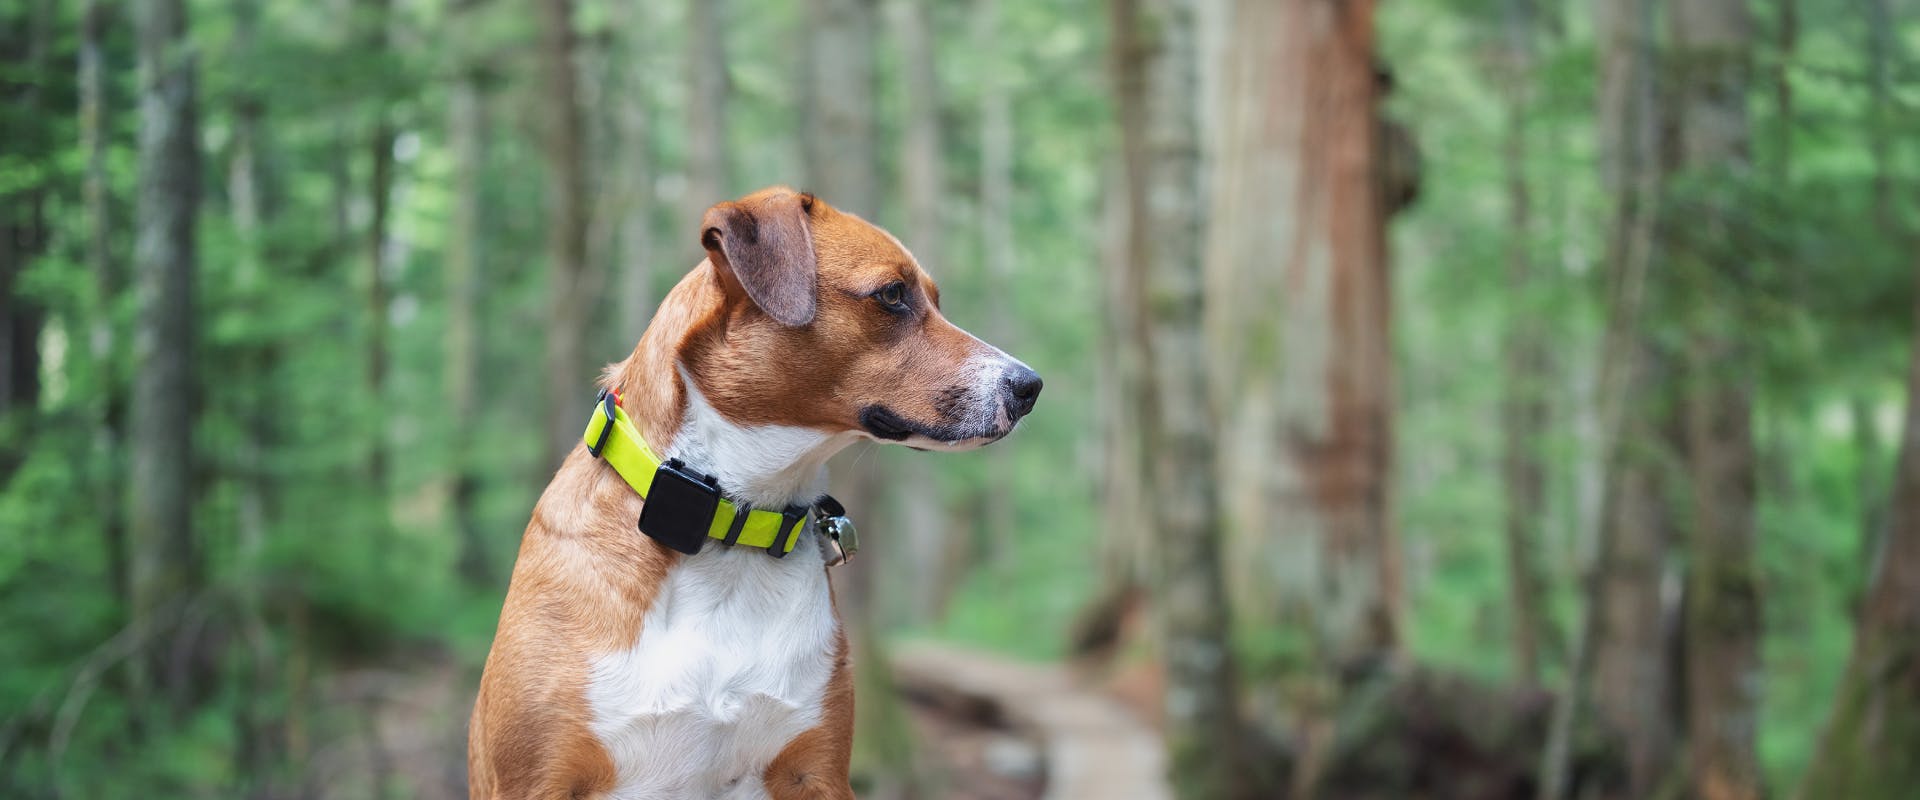 A dog wearing a tracker collar.
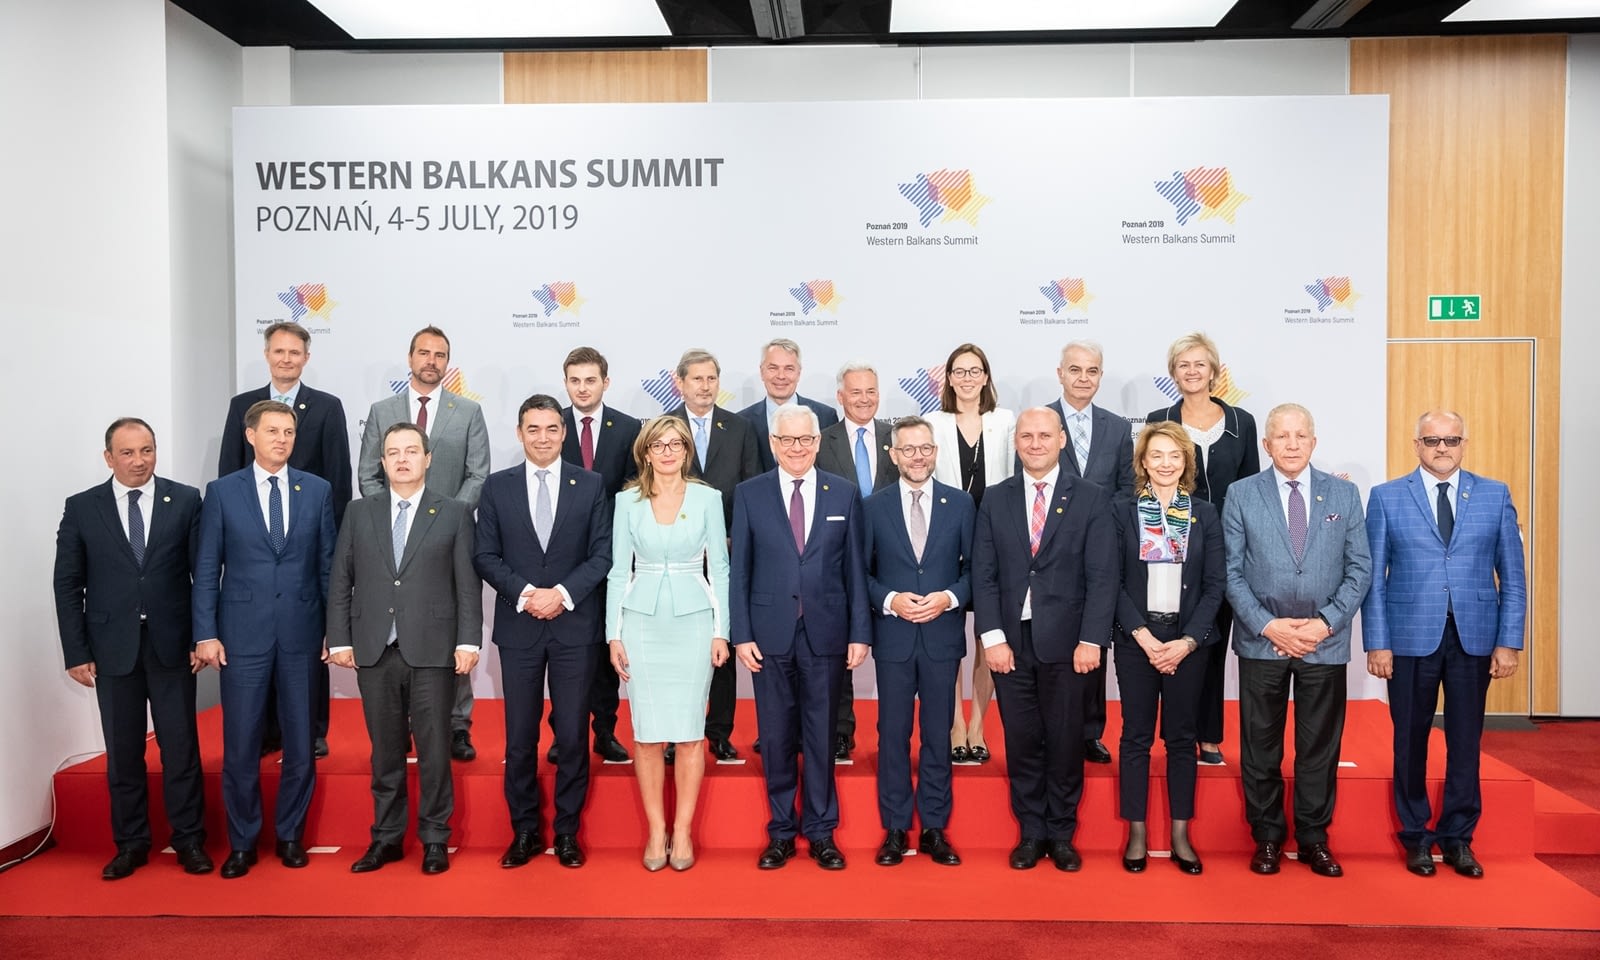 Szczyt Bałkanów Zachodnich 2019 Brill AV Media
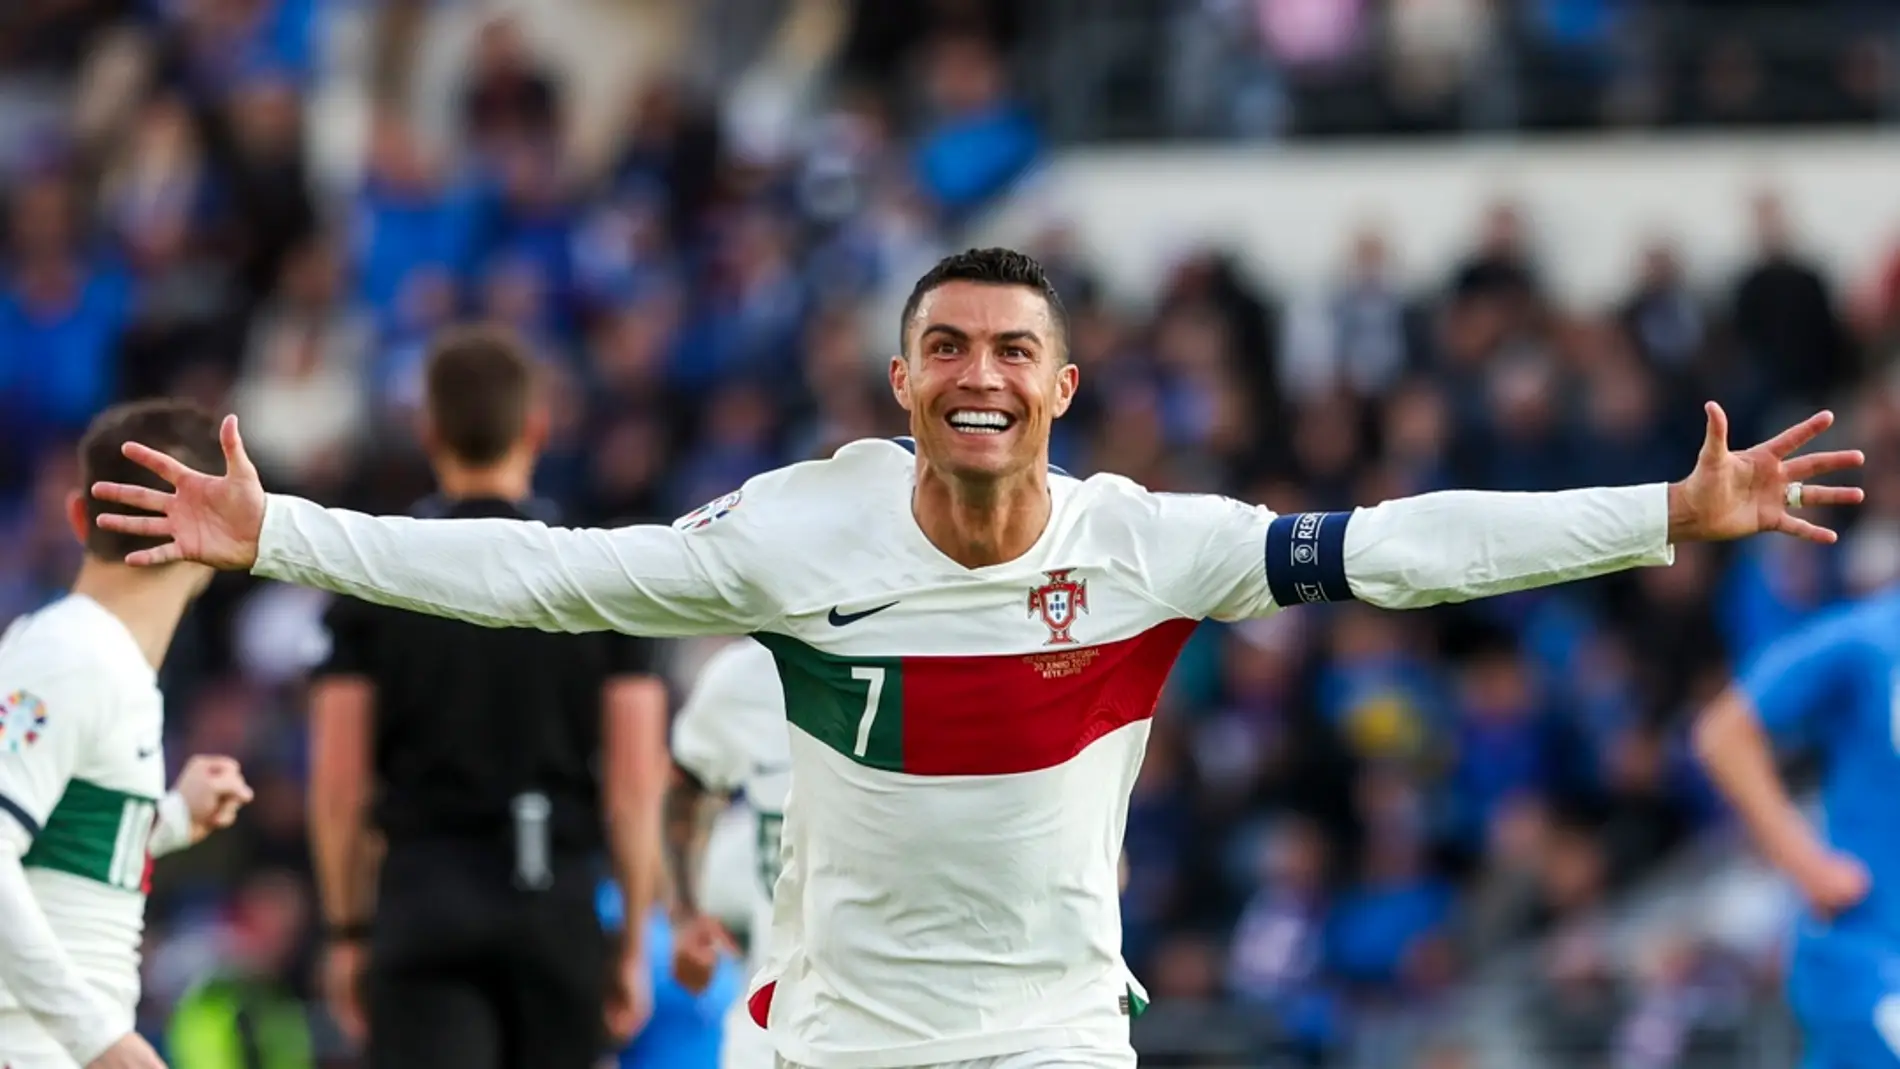 Cristiano Ronaldo logra un nuevo hito: 200 partidos con Portugal

--- --- ---

# YOUR TASK
Everything in the material above is to be reproduced exactly, pictures aside.

# OUTPUT FOR THIS EXERCISE
 A dog wearing a tracker collar.
 Szczyt Bałkanów Zachodnich 2019 Brill AV Media
 Cristiano Ronaldo logra un nuevo hito: 200 partidos con Portugal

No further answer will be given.